In the days of the trial before I testified, I had been showing around the prosecutors office a photo I took of the moon the weekend before so after a lunch break and before going into court the prosecutor asked me for my photo that I took of the moon.  I was puzzled but I dug it out of my brief case and gave it to him.

The court came to order, I was recalled to the witness stand and the Adair County Oklahoma Prosecutor produced my moon photo and asked me if I recognized it.  "Yes, that is a photo I took of the moon last weekend", I said.  "Tell me officer O'Kelley, where were you standing when you took this photo", the prosecutor asked me.   "In my front yard of my home in Fayetteville Arkansas", I said.  "You weren't standing on the moon", he asked.  "No", I replied.  He then showed me my photo already in evidence of the horse trailer and asked, "did you use the same camera and lens to take this photo of the horse trailer"?  "Yes", I said.  "No further questions of this witness", the prosecutor said.  I was excused and when the trial was over the jury found the defendant guilty and he received 20 years in the Oklahoma prison and everything hinged upon my photograph of the horse trailer and of the moon.  In the court records of that Oklahoma trial will be found evidence that I took a photograph of the moon and it became critical evidence in a felony trial. 

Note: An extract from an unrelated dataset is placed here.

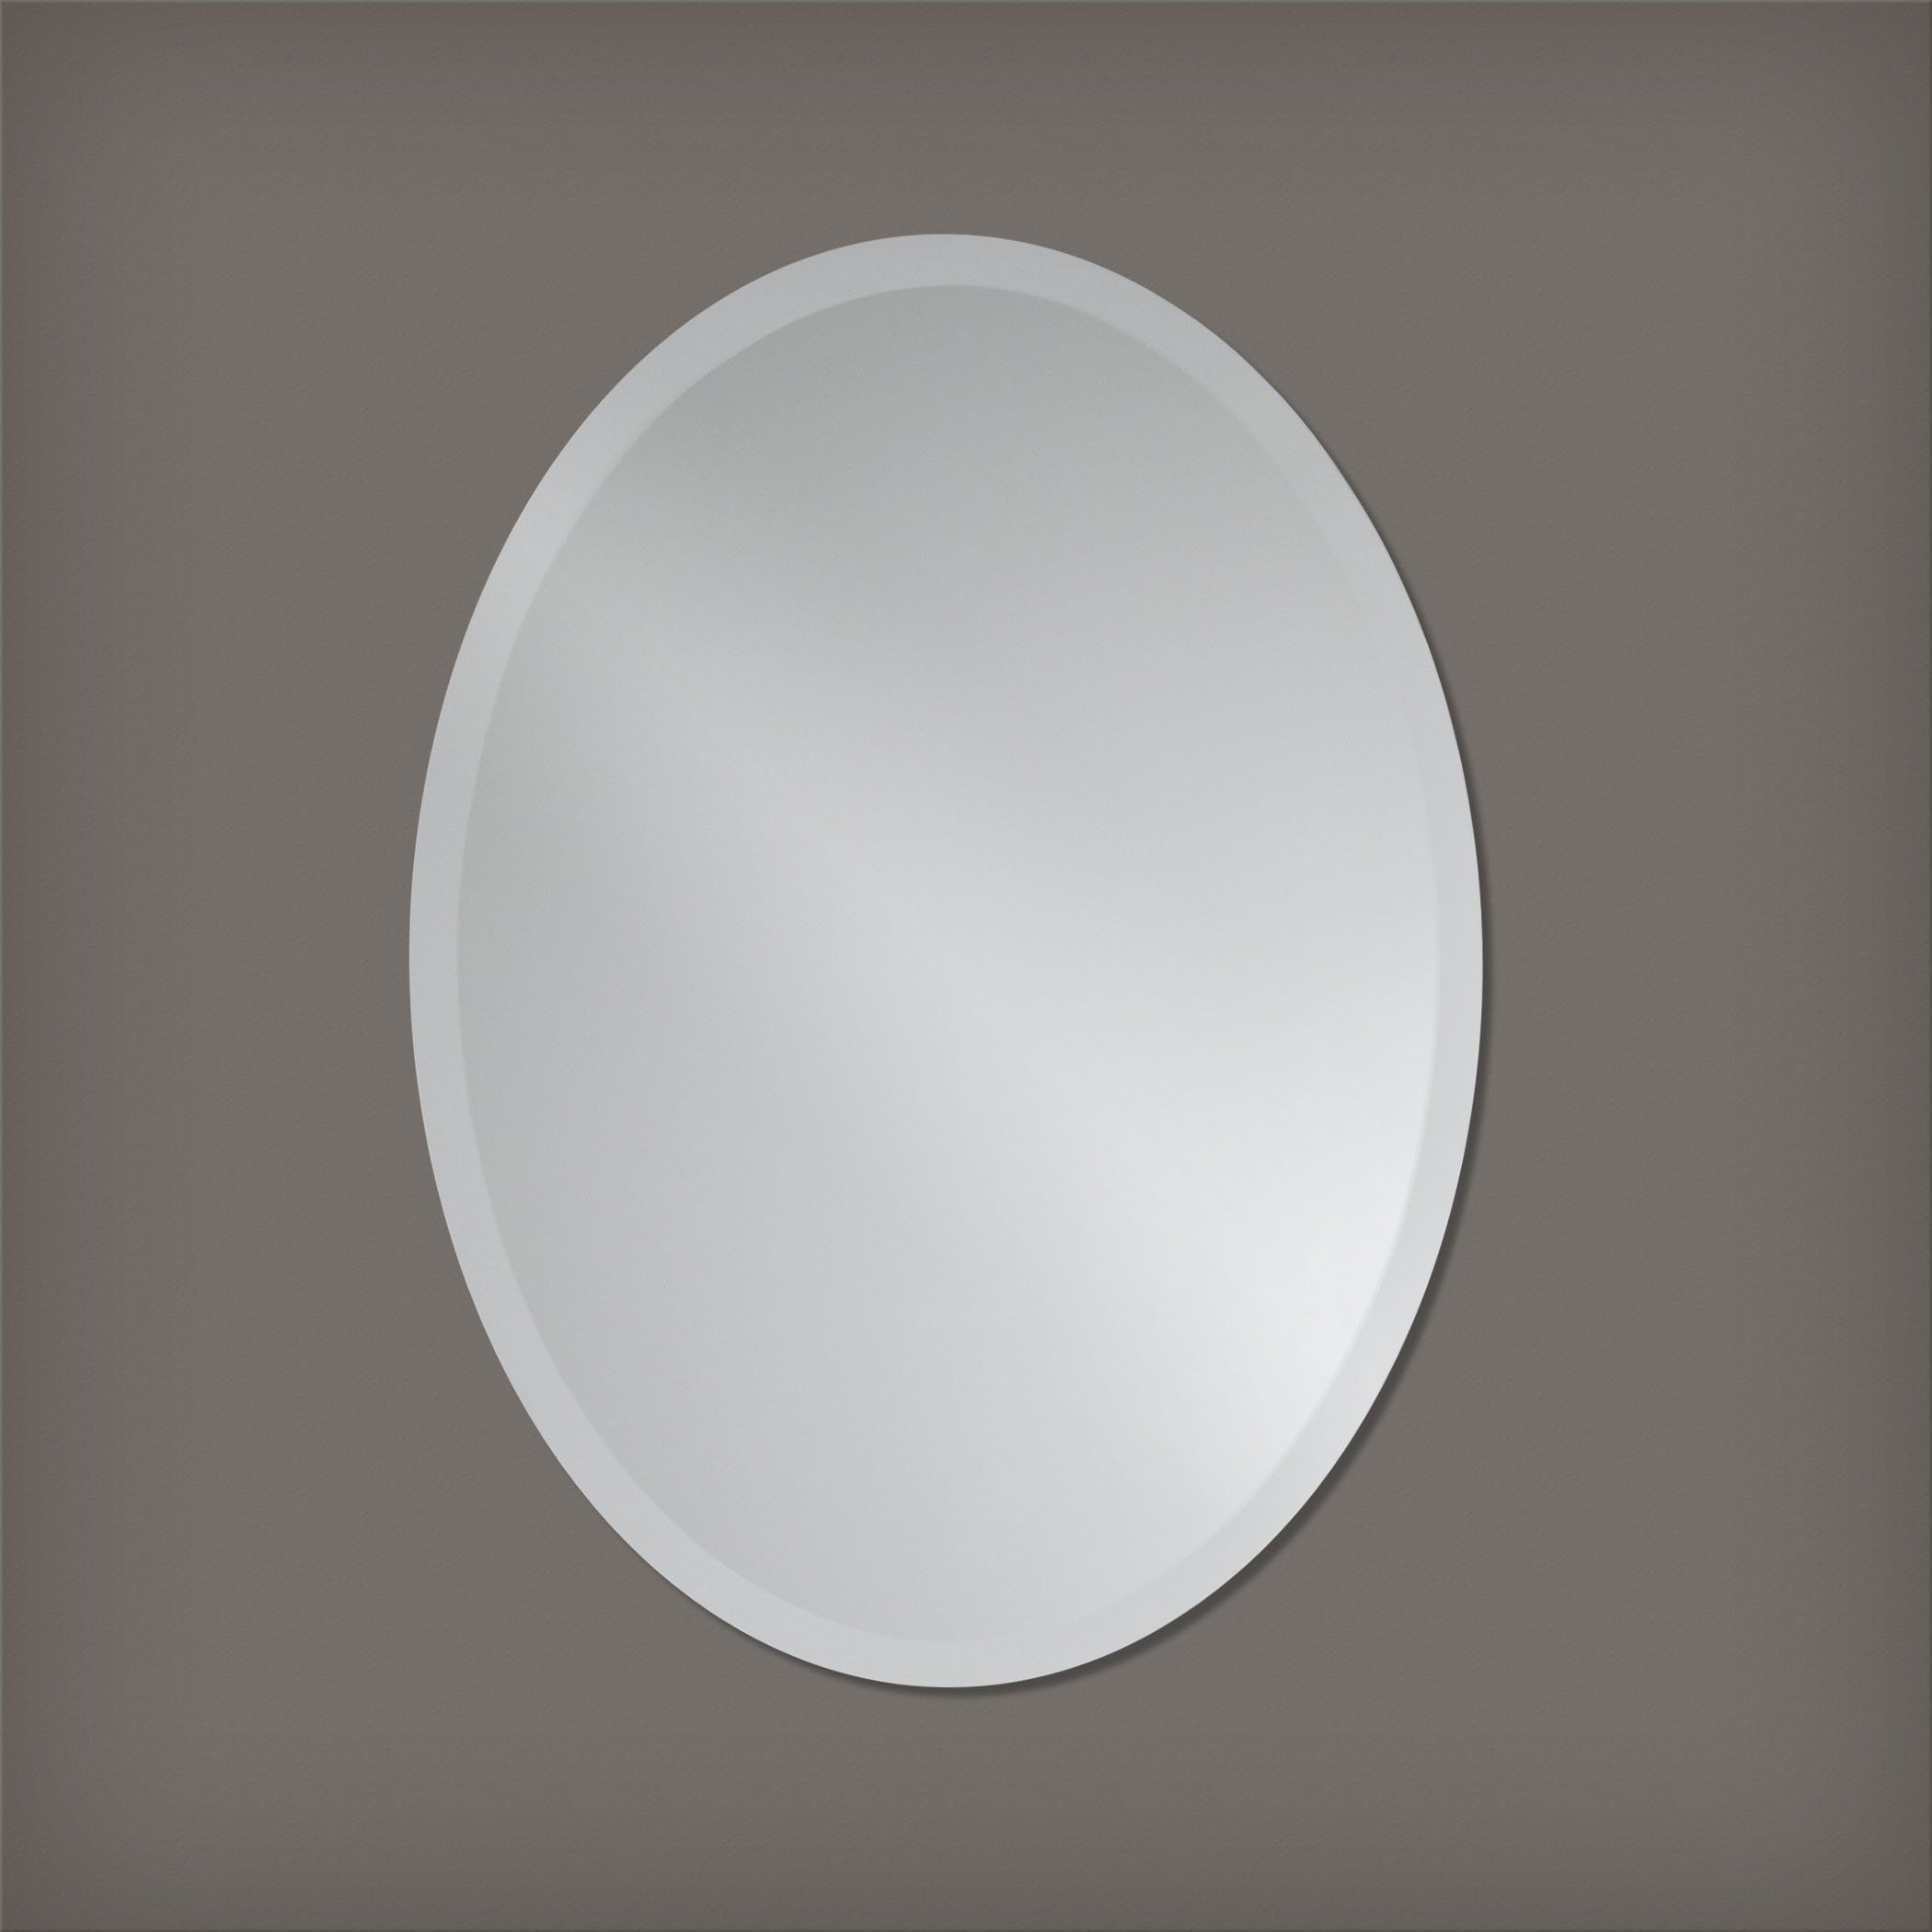 Small Frameless Beveled Oval Wall Mirror Bathroom Vanity Bedroom Mirror Throughout Oval Beveled Frameless Wall Mirrors (View 1 of 15)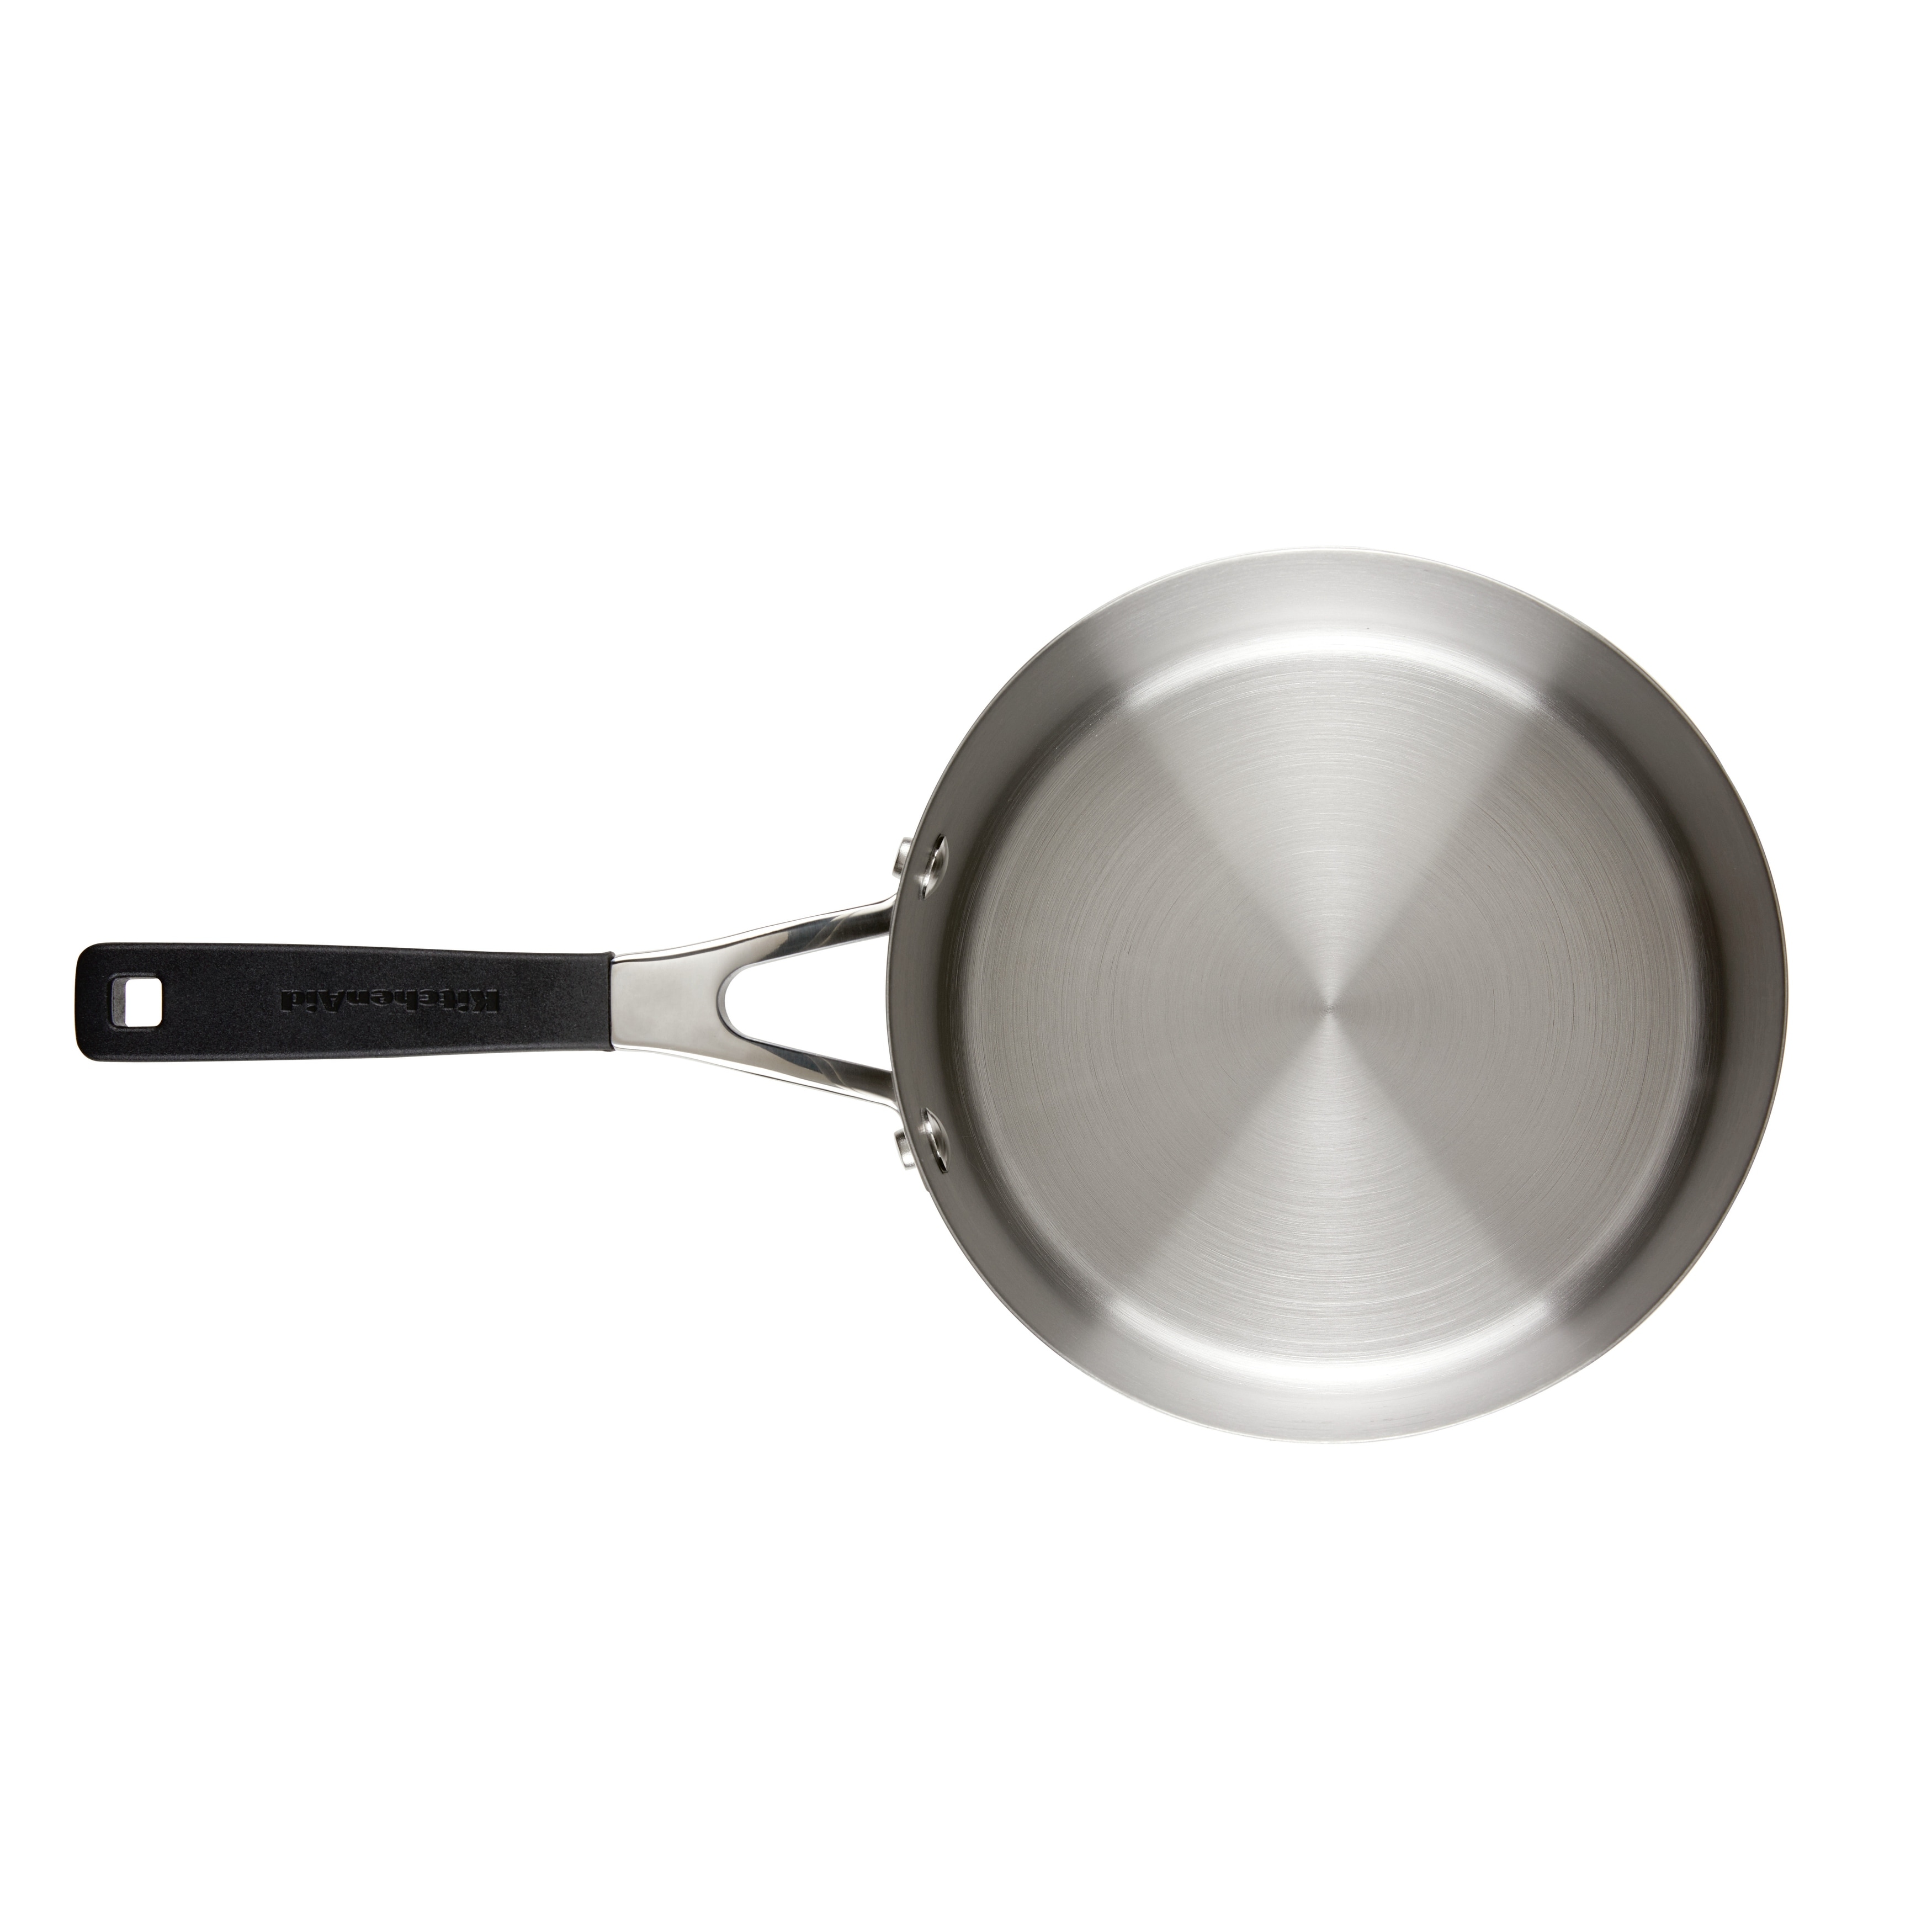 KitchenAid Stainless Steel Induction Saucepan with Lid, 3-Quart, Brushed  Stainless Steel - Bed Bath & Beyond - 38077592

I have left my footprints in this world and in a great many places.  I have tried to make a different not just in my life and the lives of my family but in the lives of total strangers and as my wife sometimes points out to me, I was well compensated financially for my efforts but I was compensated in the knowledge that I did the sometimes difficult and made a positive difference in the lives of others.  I have no doubt there are people who are alive today because of my efforts so when I lay my head on my pillow at night, I can go to sleep knowing that I did my part to better human kind, to make the life better for a total stranger and that is considerable compensation.